Great Peace Shipping Ltd v Tsavliris (International) Ltd [2002] EWCA Civ 1407 (also known as The Great Peace) is a case on English contract law and on maritime salvage. It investigates when a common mistake within a contractual agreement will render it void.

It is notable for its disapproval of Solle v Butcher, a Court of Appeal case wherein Lord Denning established a new doctrine of "equitable mistake".

Facts
The defendants, Tsavliris, were professional salvors in the business of maritime salvage and rendering aid to ships in difficulty in the South Indian Ocean.

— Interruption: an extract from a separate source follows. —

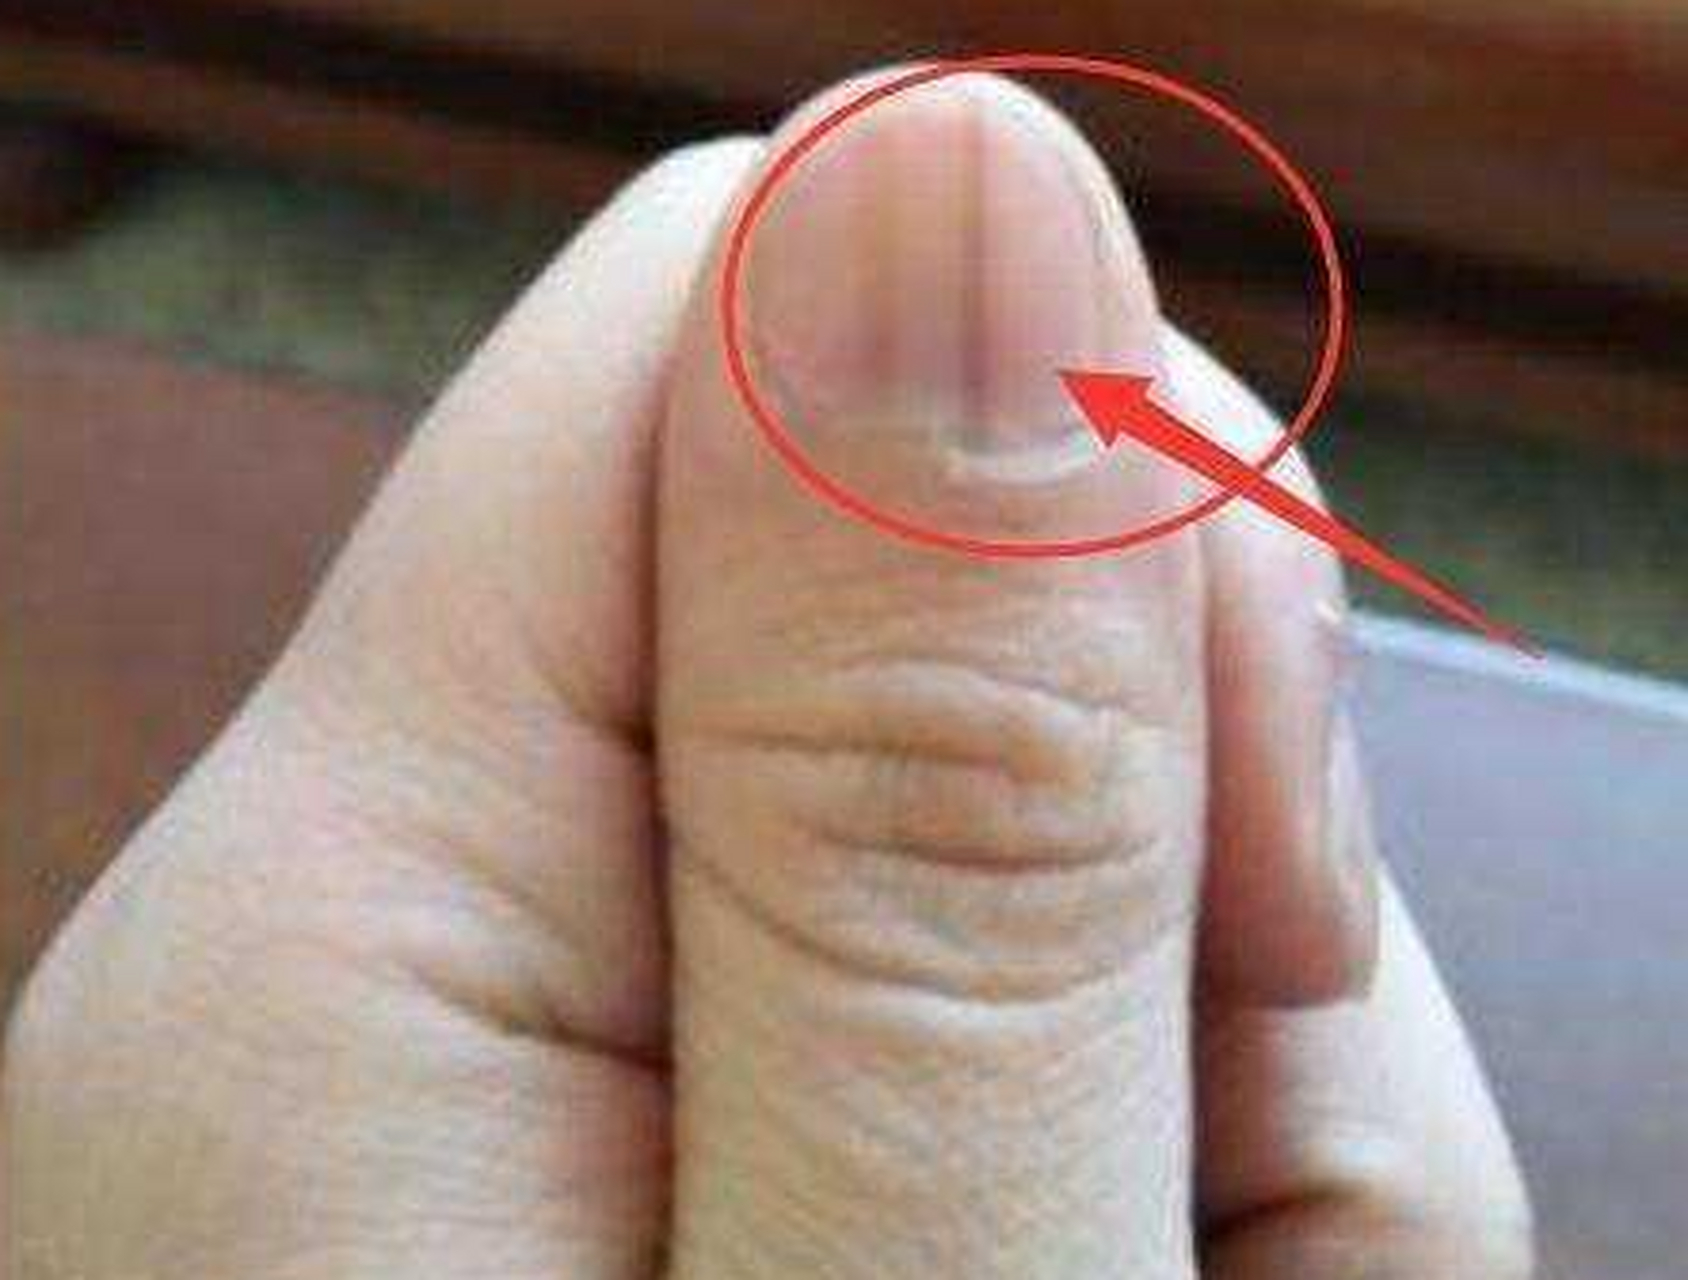 梁女士30岁,二胎孕14周,突然发现大拇指指甲有两条灰色的线,刚开始也

Learning that a vessel named Cape Providence was in trouble, Tsavliris entered into a salvage agreement with the owners on LOF terms. Tsavliris used the Ocean Routes service to try to locate the nearest rescue vessel, and were told that there was one about 35 miles away called the Great Peace. Using London brokers called Marint, Tsavliris contacted the Great Peace's owners, and agreement was made to hire the tug for a minimum of five days. It then became apparent that the Great Peace was not 35 miles from the Cape Providence, but 410 miles. Tsavliris then found a closer tug and terminated the contract with Great Peace Ltd, who responded by suing for gross breach of contract. Tsavliris argued it was a common mistake as to the location of the stricken vessel and this invalidated the contract.

Judgment
Lord Phillips of Worth Matravers MR  held that the mistake was not sufficiently fundamental to void the contract. The Great Peace would have taken 22 hours to do 410 miles, but that delay was insufficient to make performance of the contract ‘essentially different from those the parties envisaged when the contract was concluded.’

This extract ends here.